Content starts
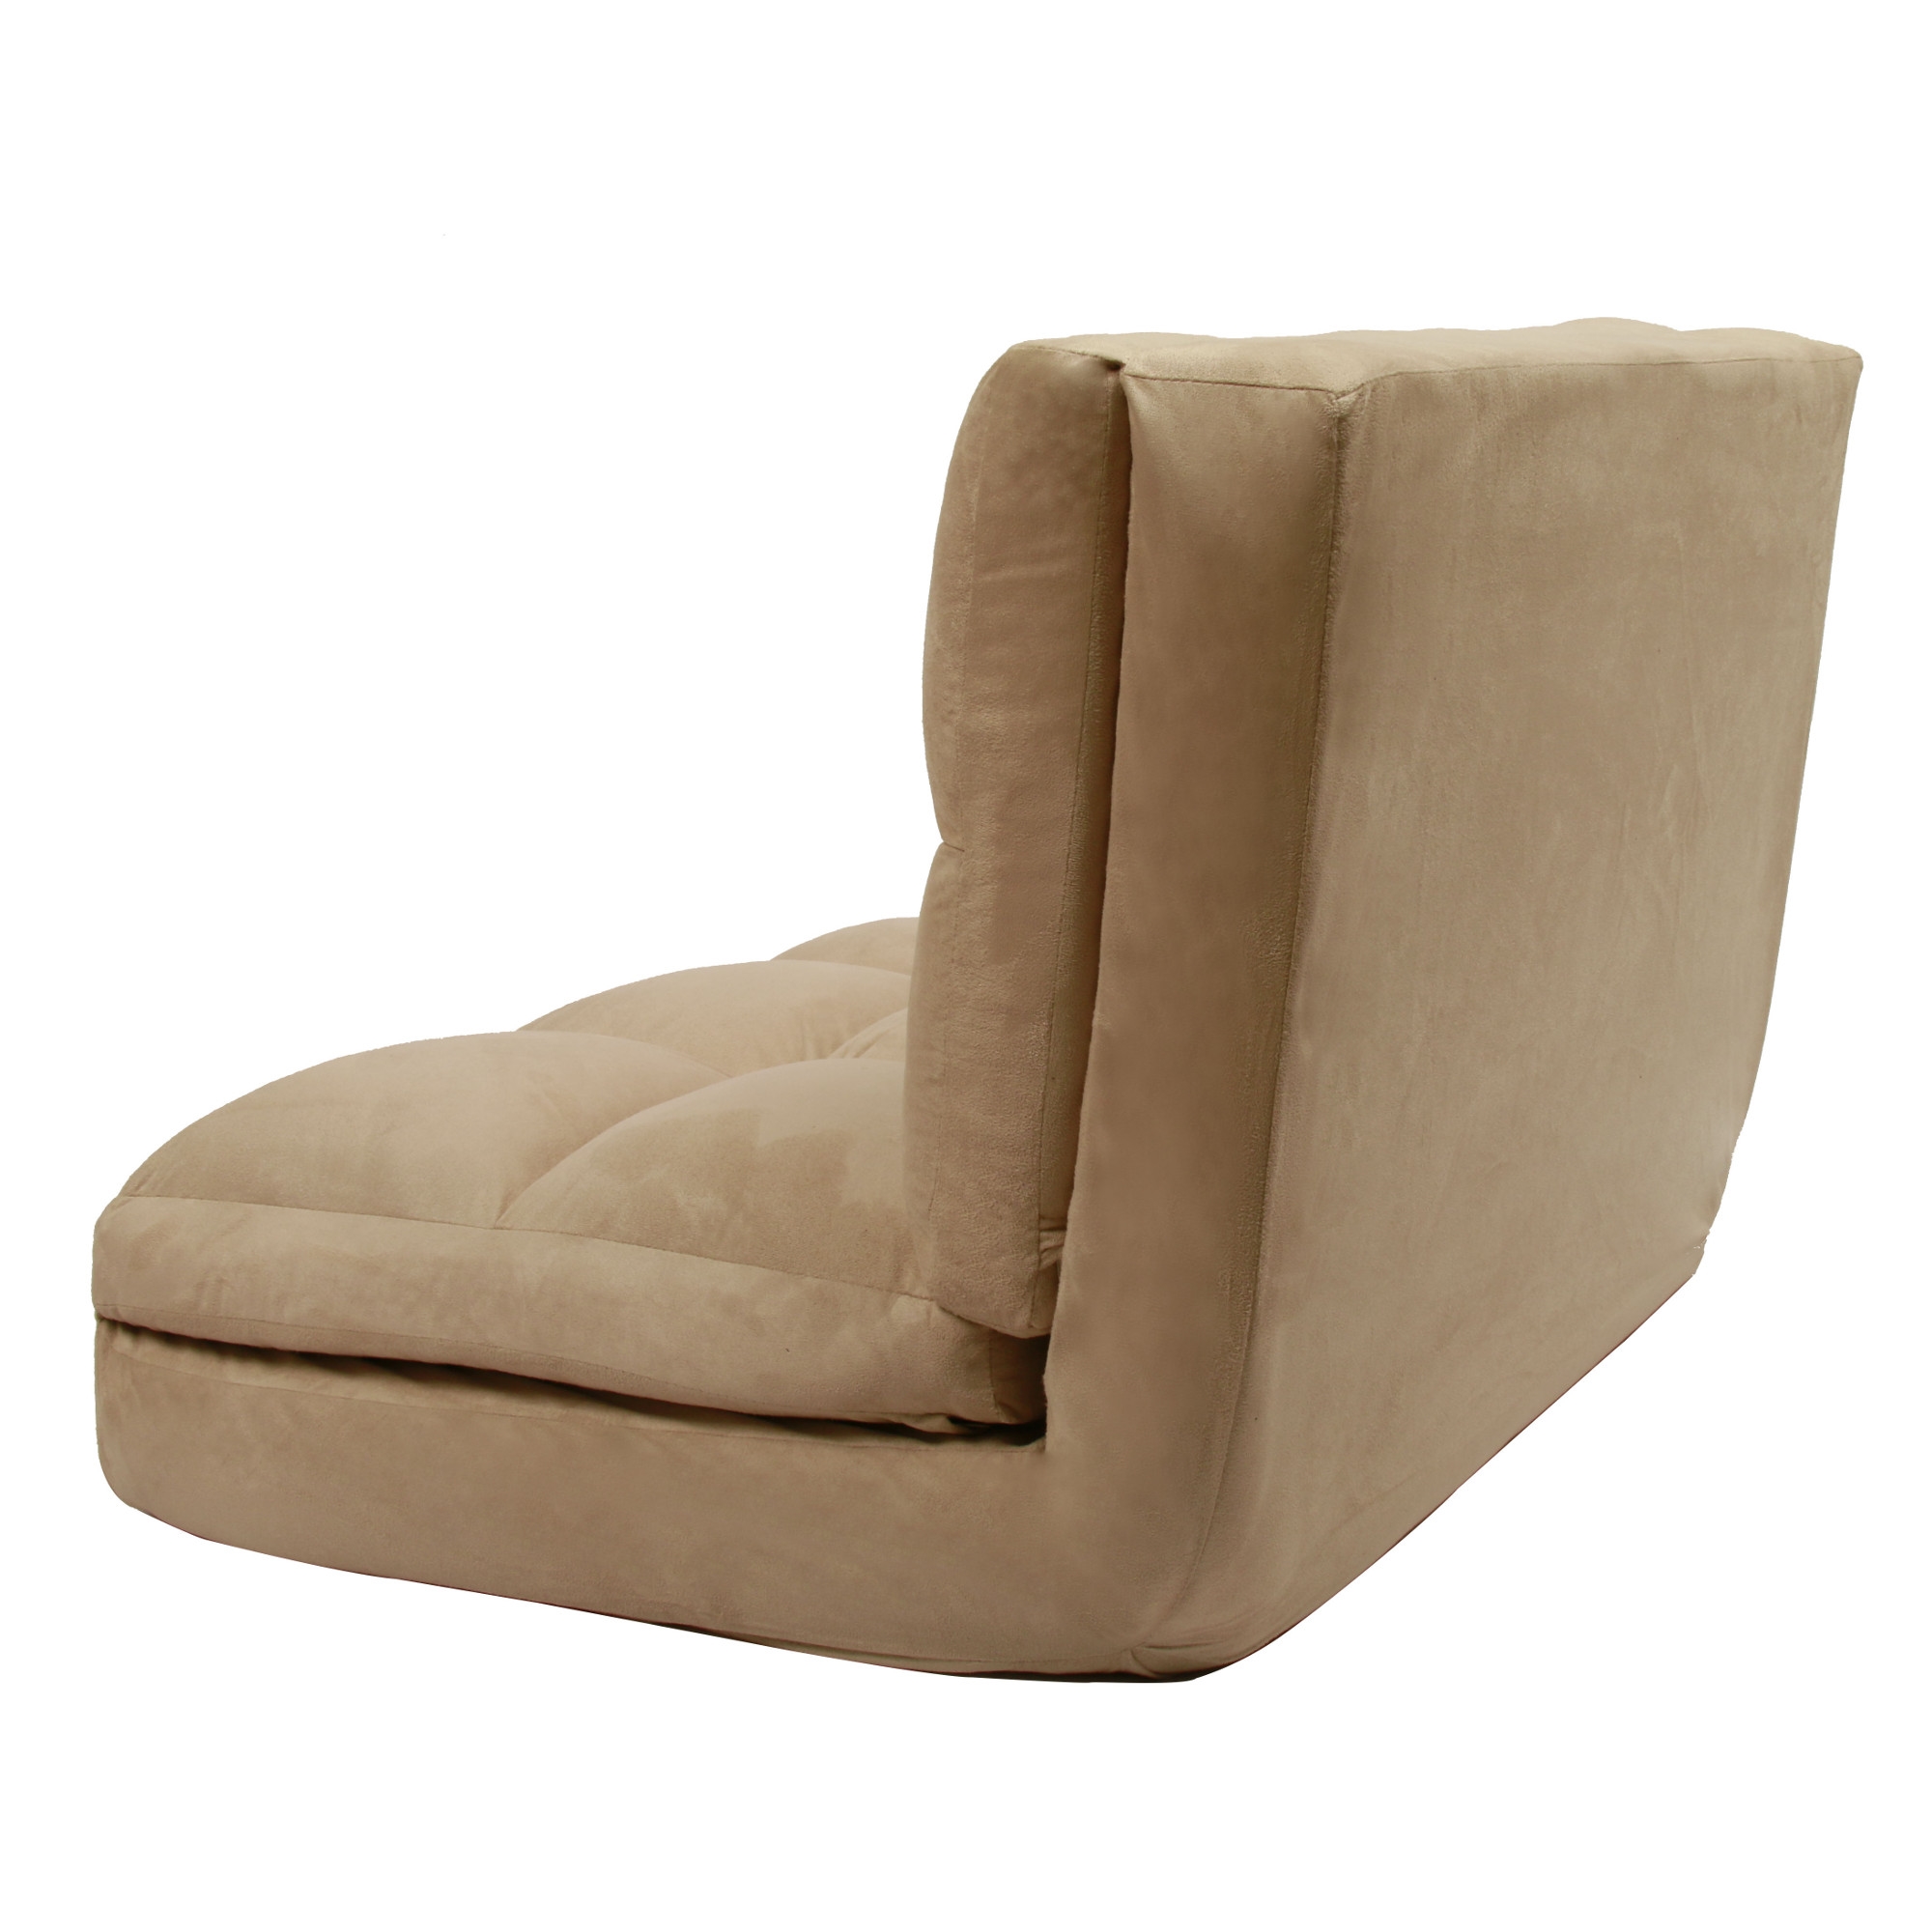 Loungie Microsuede Flip Chair Lounger Seat Beige - image 5 of 9
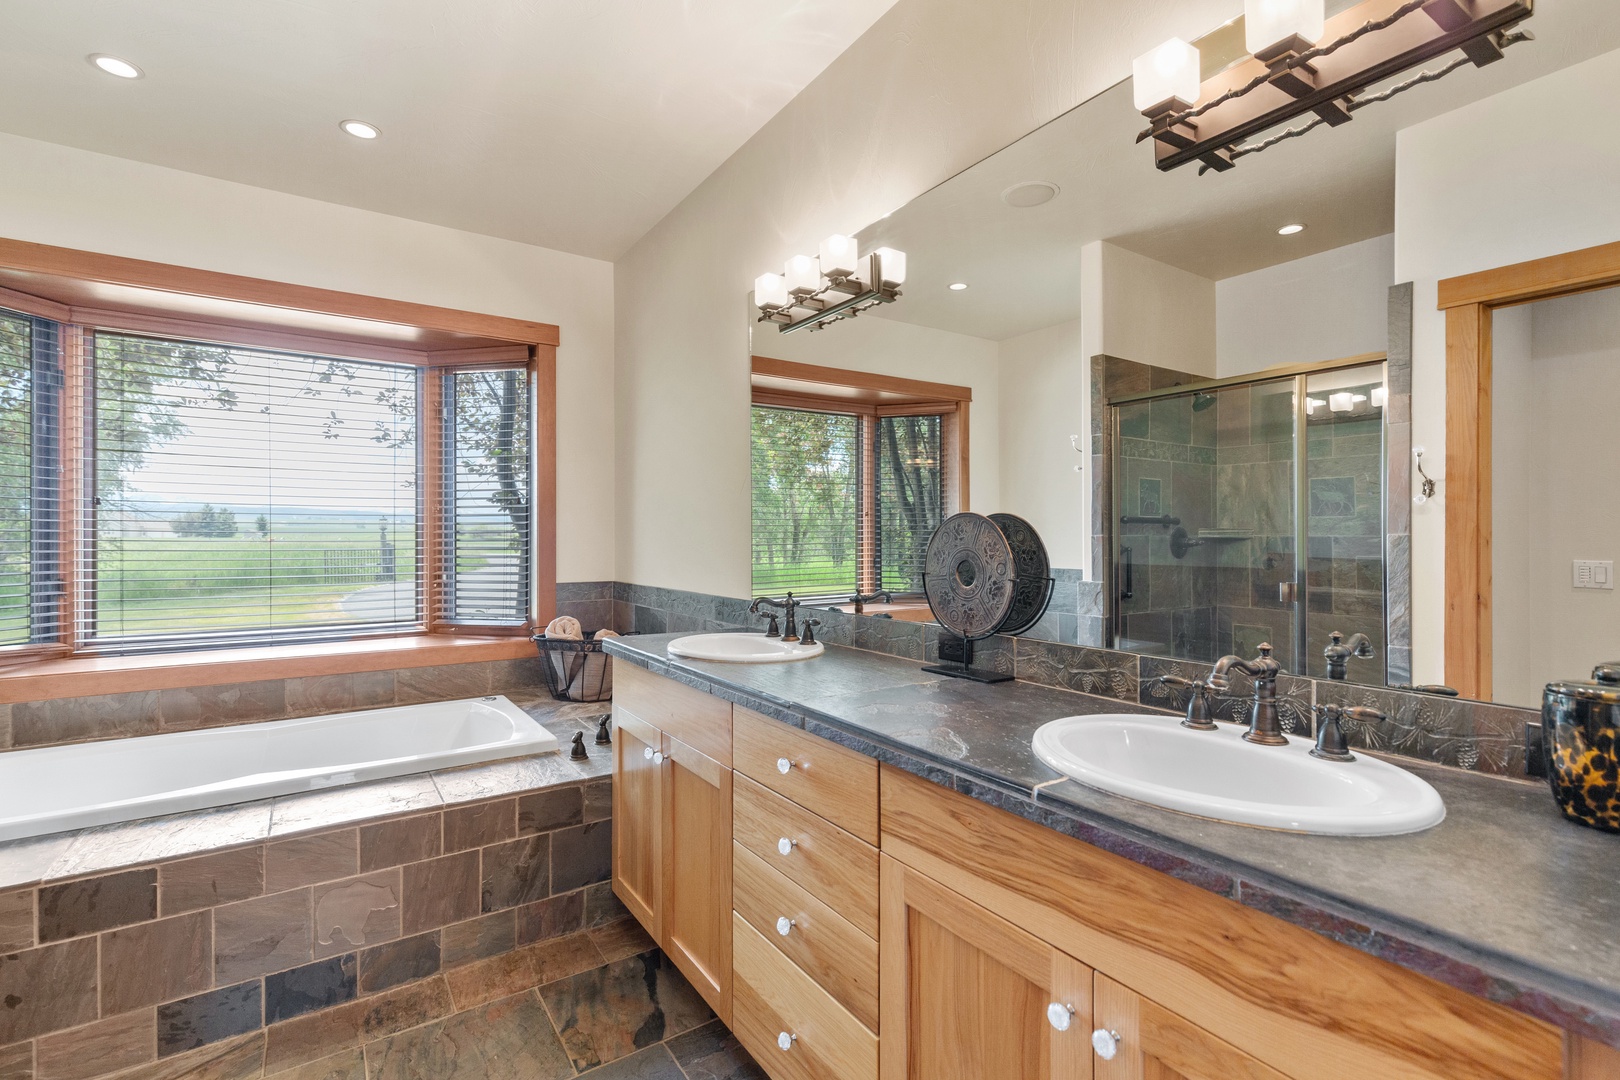 Bozeman Vacation Rentals, The Woodland Oasis - Ensuite bathroom with jacuzzi tub
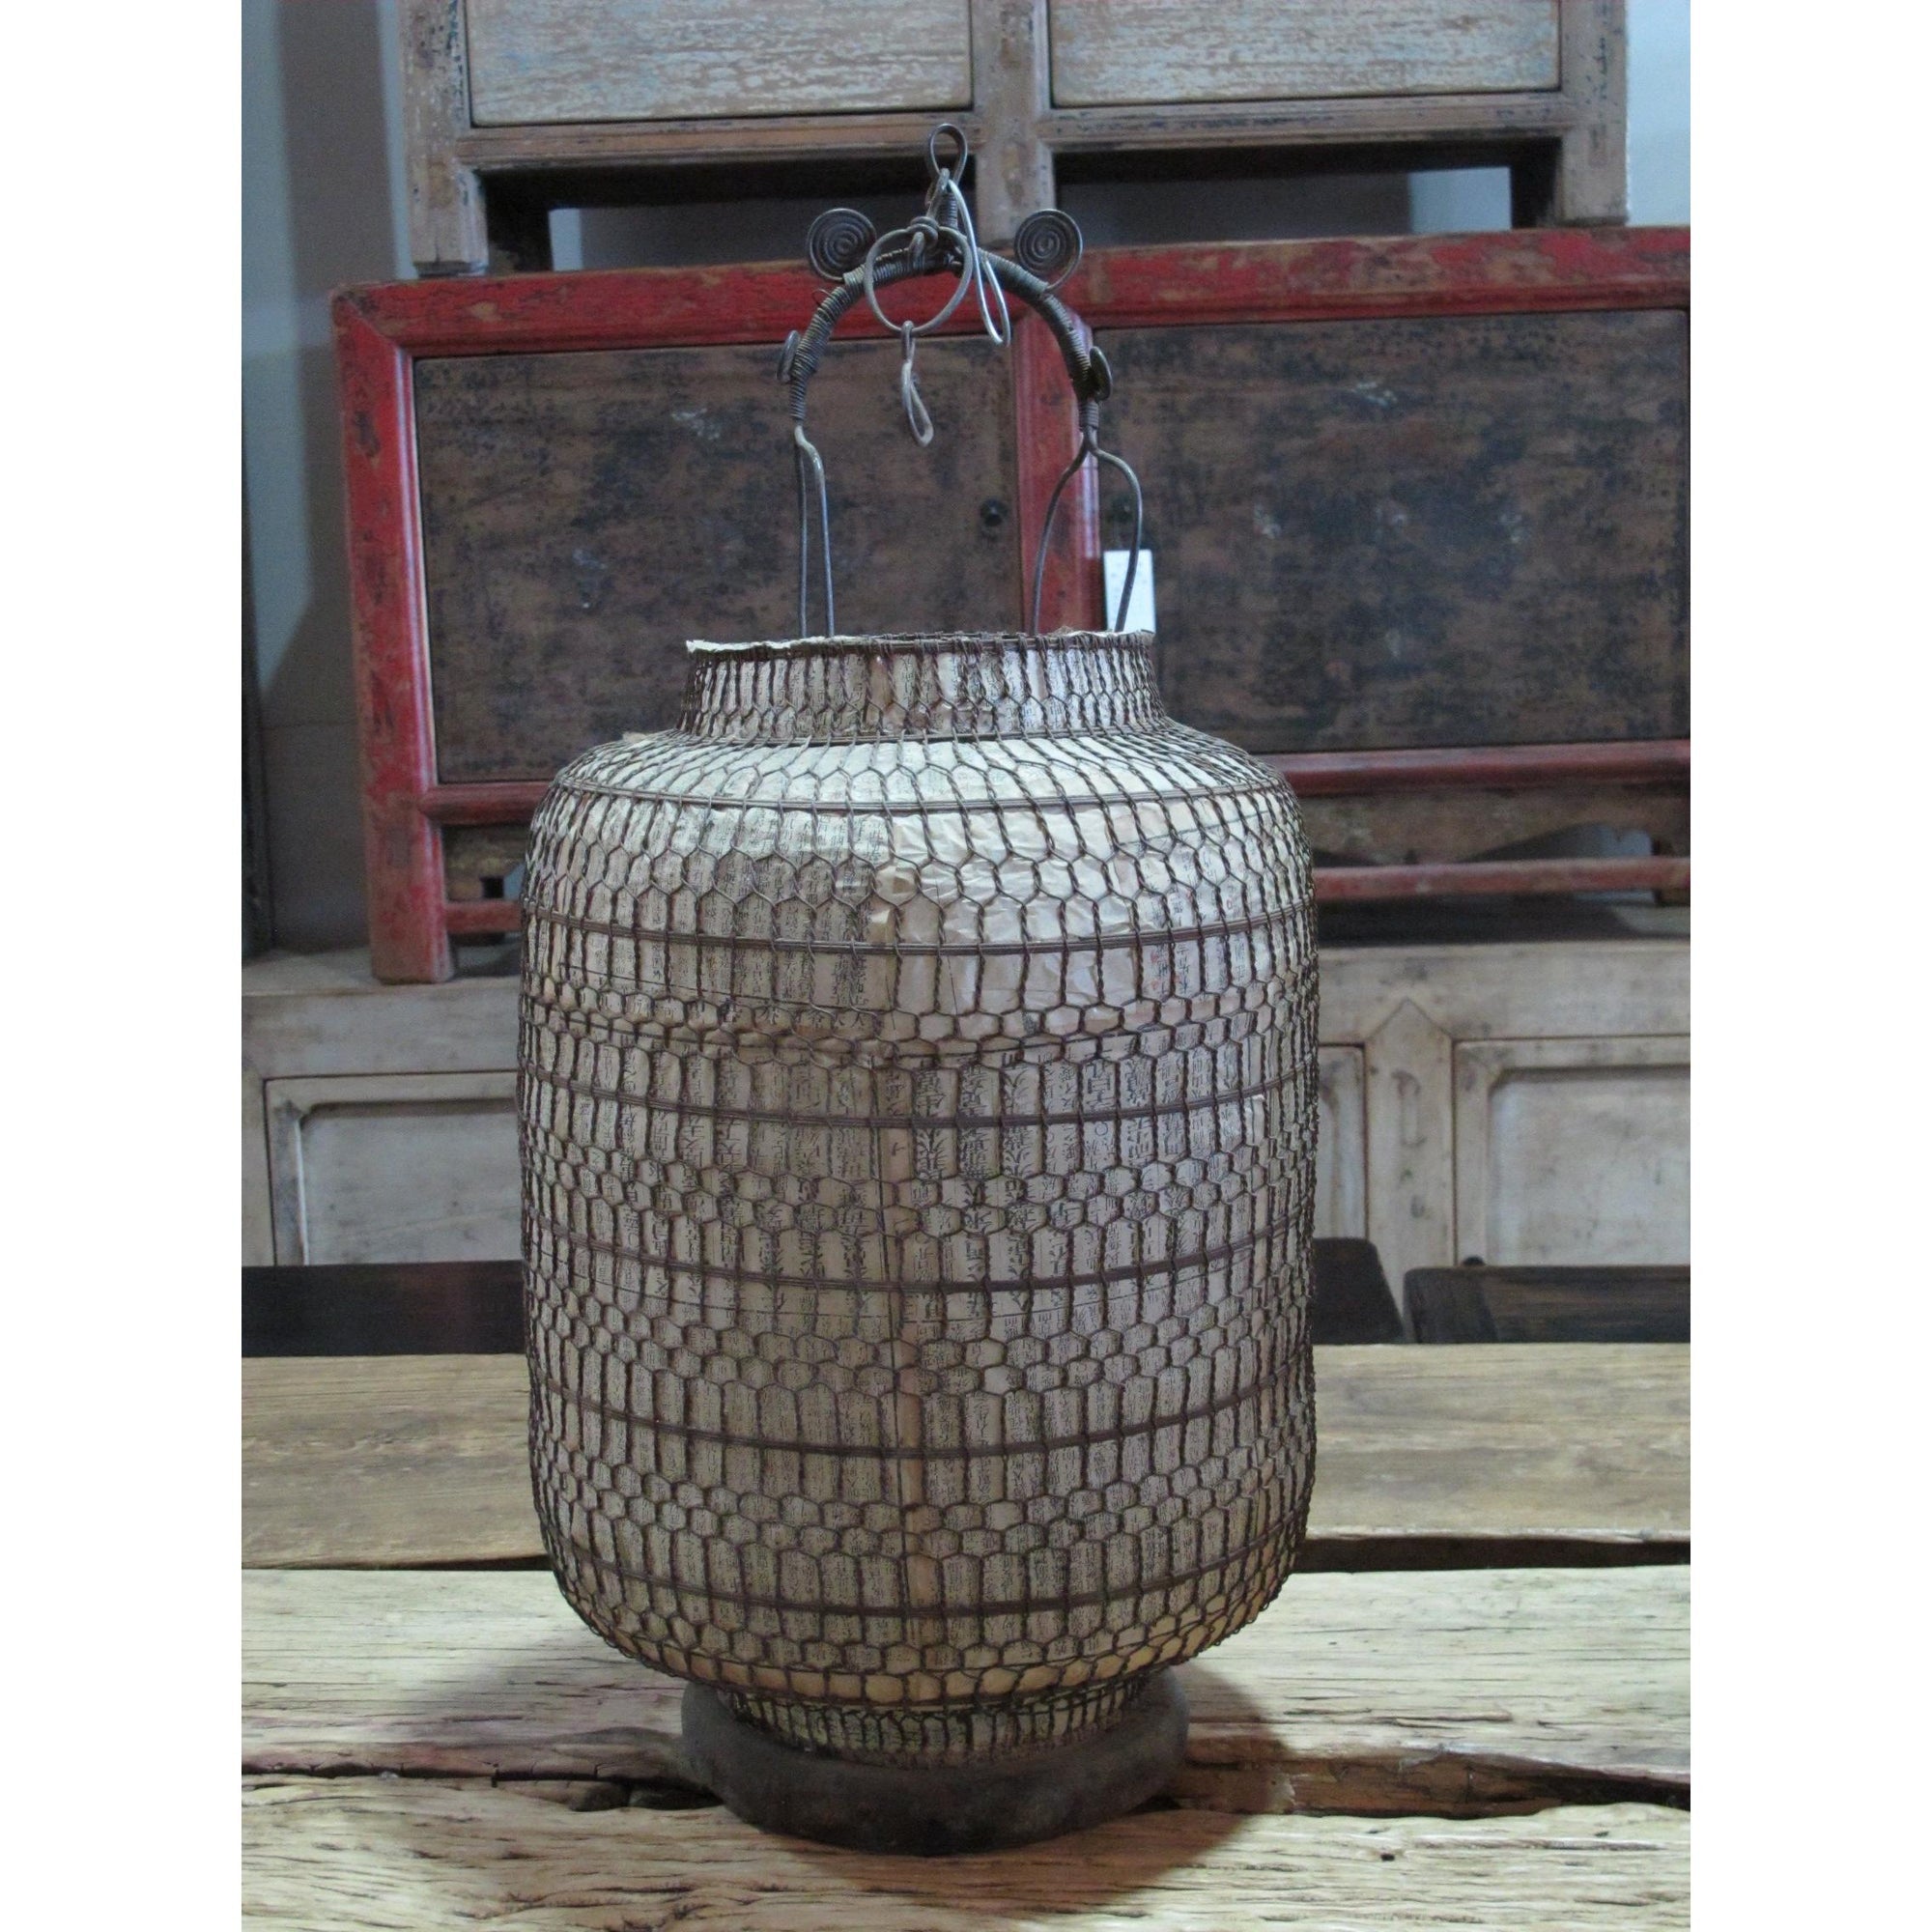 Old Chinese Wire Lantern From Shanxi - 85Yrs Old | Indigo Oriental Antiques
Content ends
# Task statement
Set the data above down again exactly as given, with no pictures.

# Solution to this problem
 Loungie Microsuede Flip Chair Lounger Seat Beige - image 5 of 9
 Bozeman Vacation Rentals, The Woodland Oasis - Ensuite bathroom with jacuzzi tub
 Old Chinese Wire Lantern From Shanxi - 85Yrs Old | Indigo Oriental Antiques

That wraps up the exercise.